# INFORMATION SHOWN
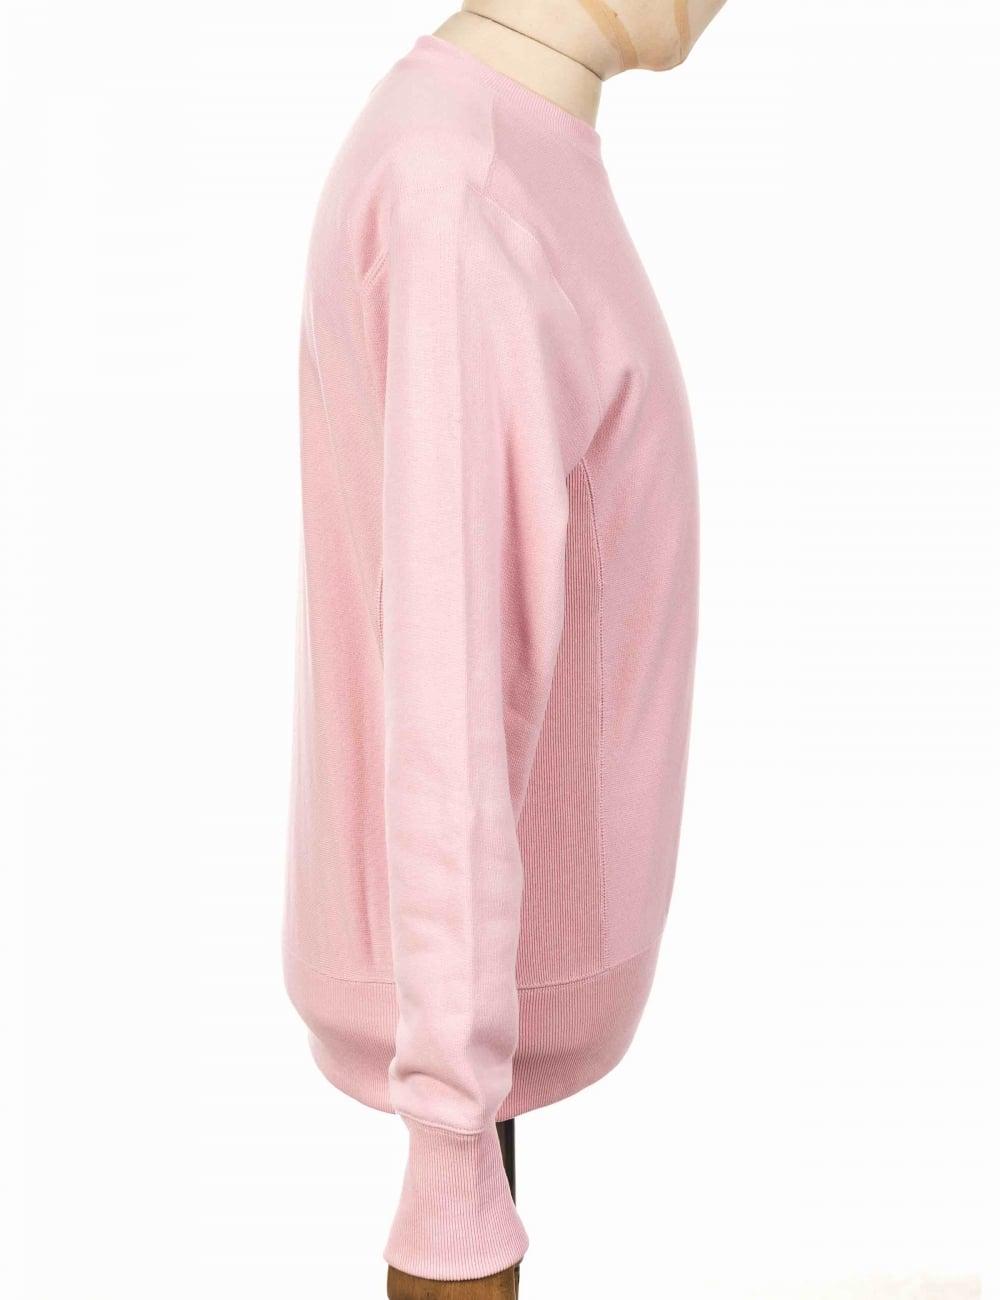 ee676946b9da Champion Reverse Weave Crewneck Sweatshirt - CBS Pink - Clothing ...
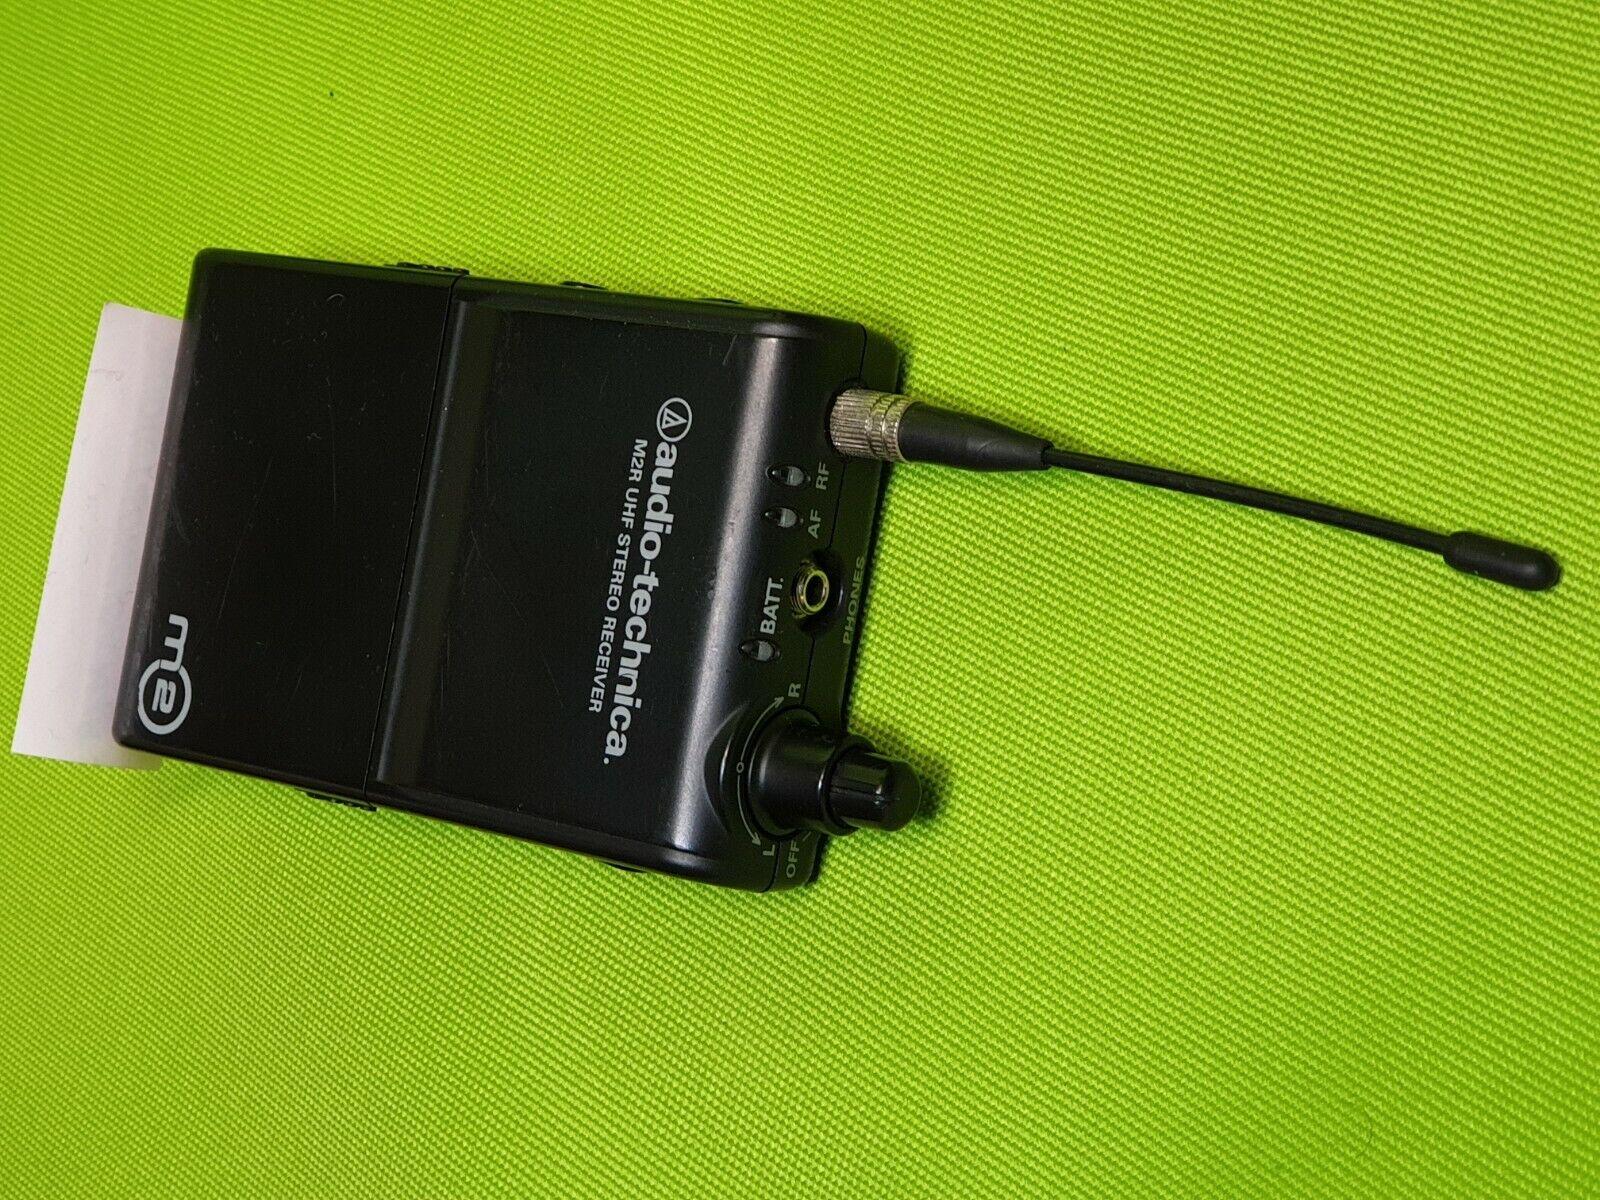 Audio-Technica M2R UHF Stereo Reciever 790822MHz  Wireless In-Ear Monitor
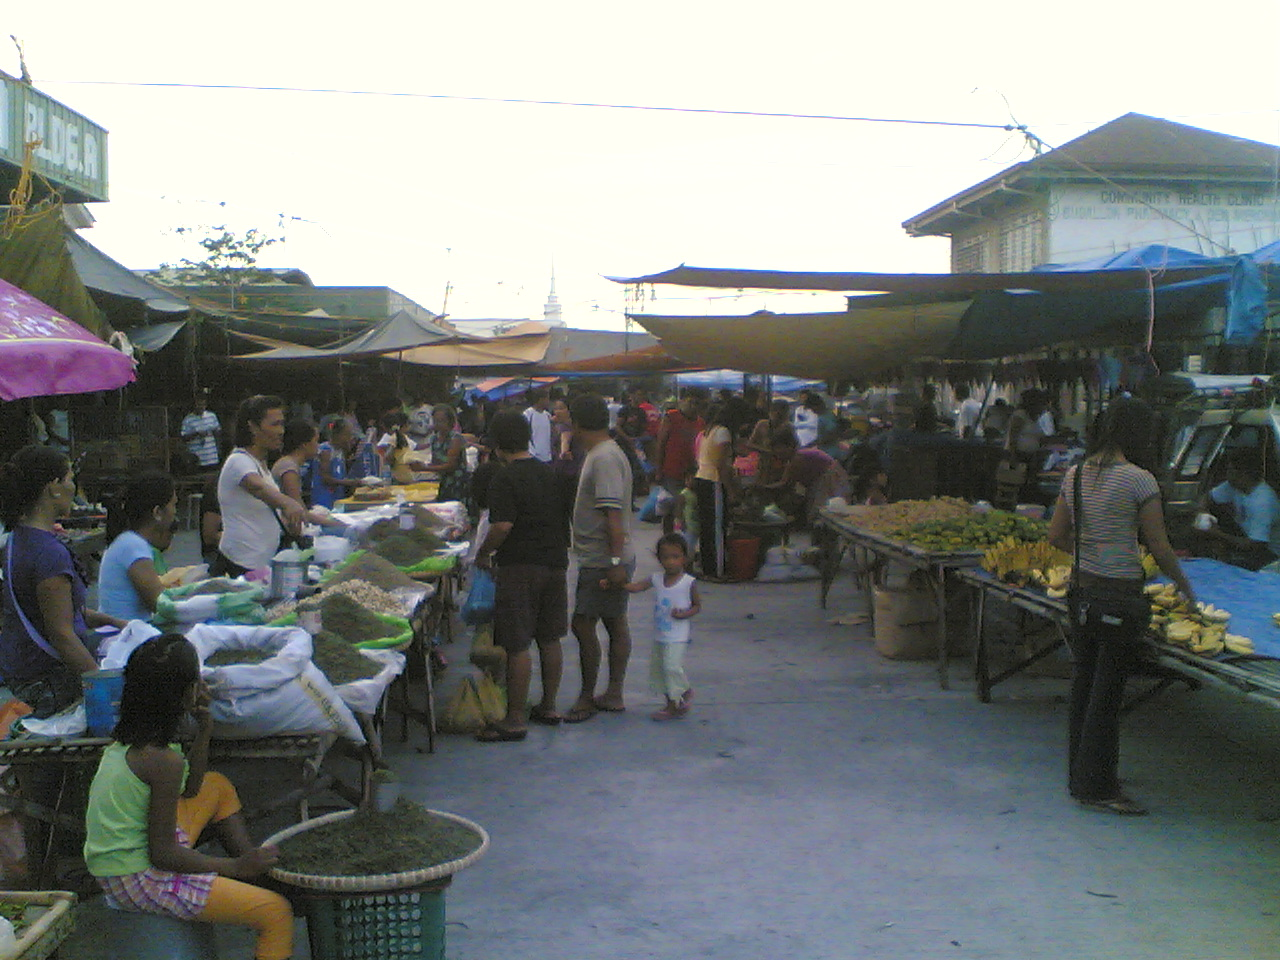 carinderia sanitation Blue carabao diner: davao carinderia - see 36 traveler reviews, 19 candid photos, and great deals for davao city, philippines, at tripadvisor.
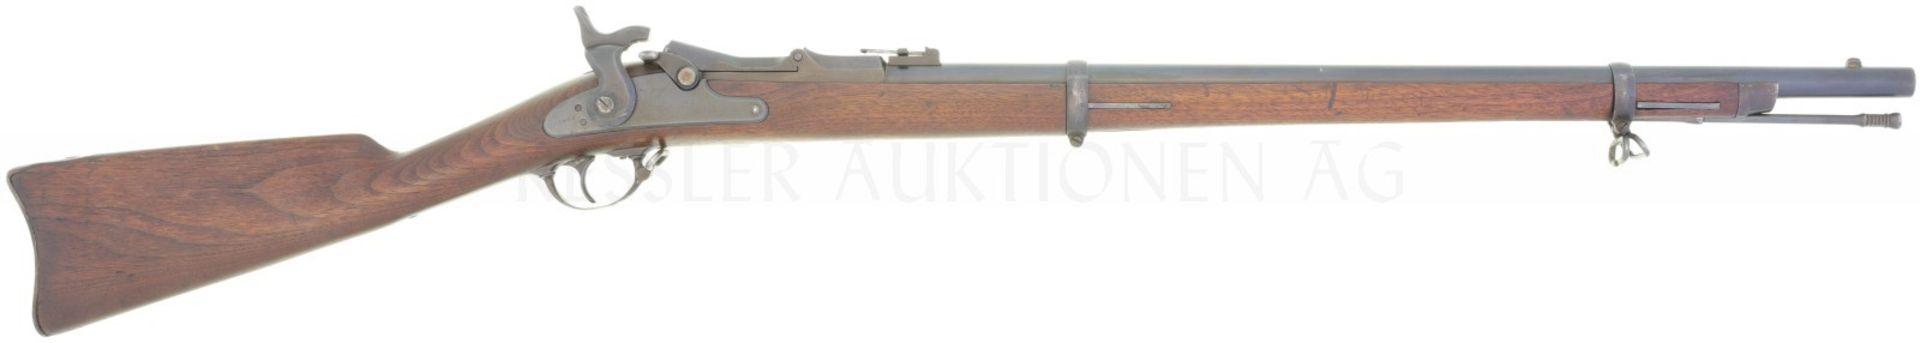 "Perkussionsgewehr, U.S. Army ""HARPERS FERRY"", Kal. .68"
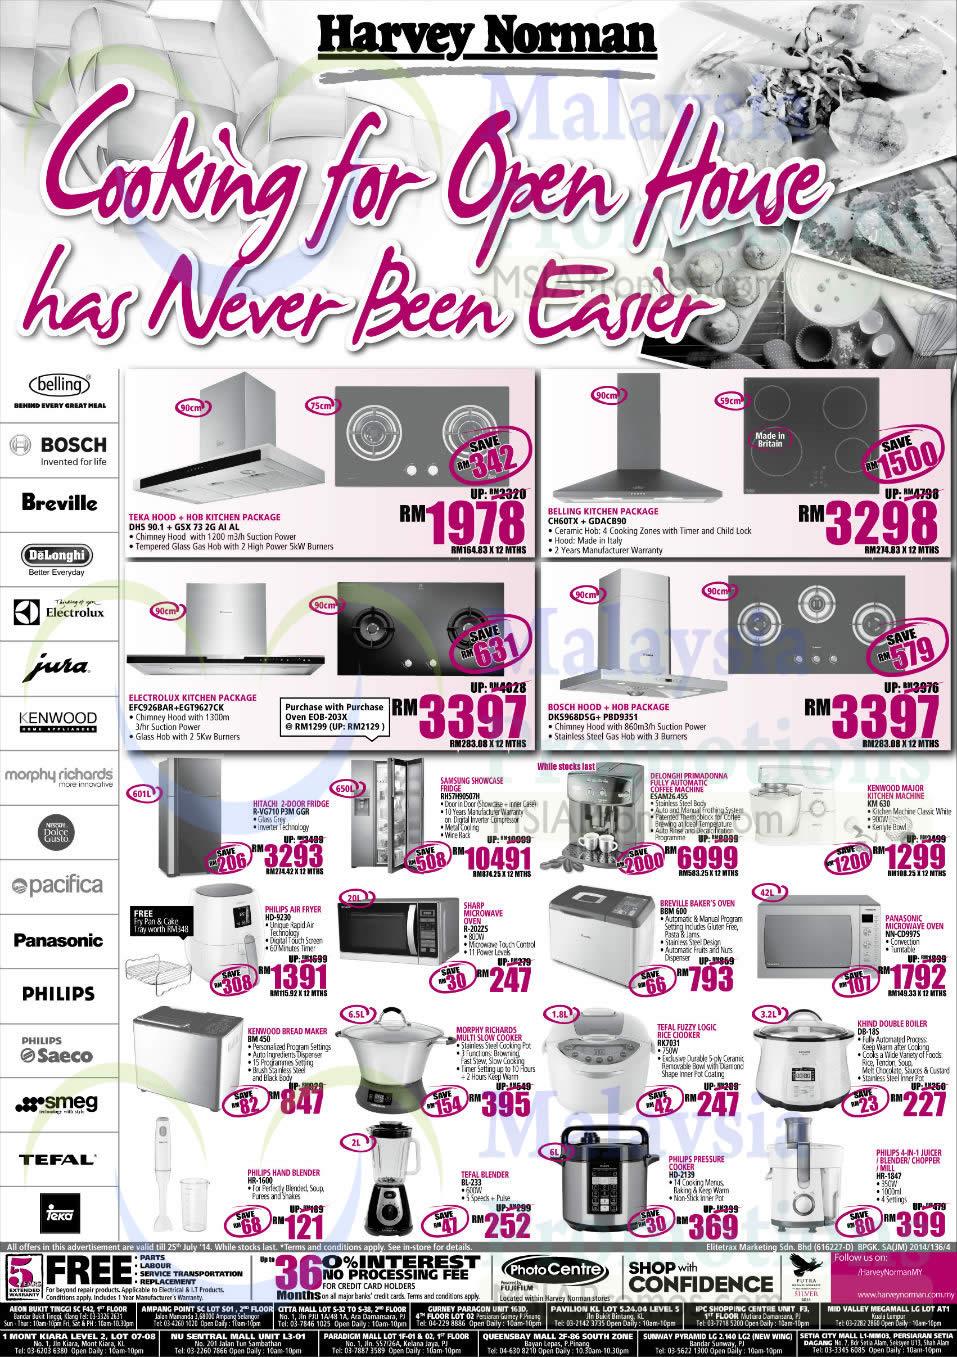 Panasonic Kitchen Appliances Kitchen Appliances Electrolux Bosch Philips Hitachi Panasonic

# THE TASK
Each line from the line containing "carinderia sanitation Blue" through the last line above must be written out exactly, and every picture must be omitted.

# SOLUTION BELOW
 carinderia sanitation Blue carabao diner: davao carinderia - see 36 traveler reviews, 19 candid photos, and great deals for davao city, philippines, at tripadvisor.
 "Perkussionsgewehr, U.S. Army ""HARPERS FERRY"", Kal. .68"
 Panasonic Kitchen Appliances Kitchen Appliances Electrolux Bosch Philips Hitachi Panasonic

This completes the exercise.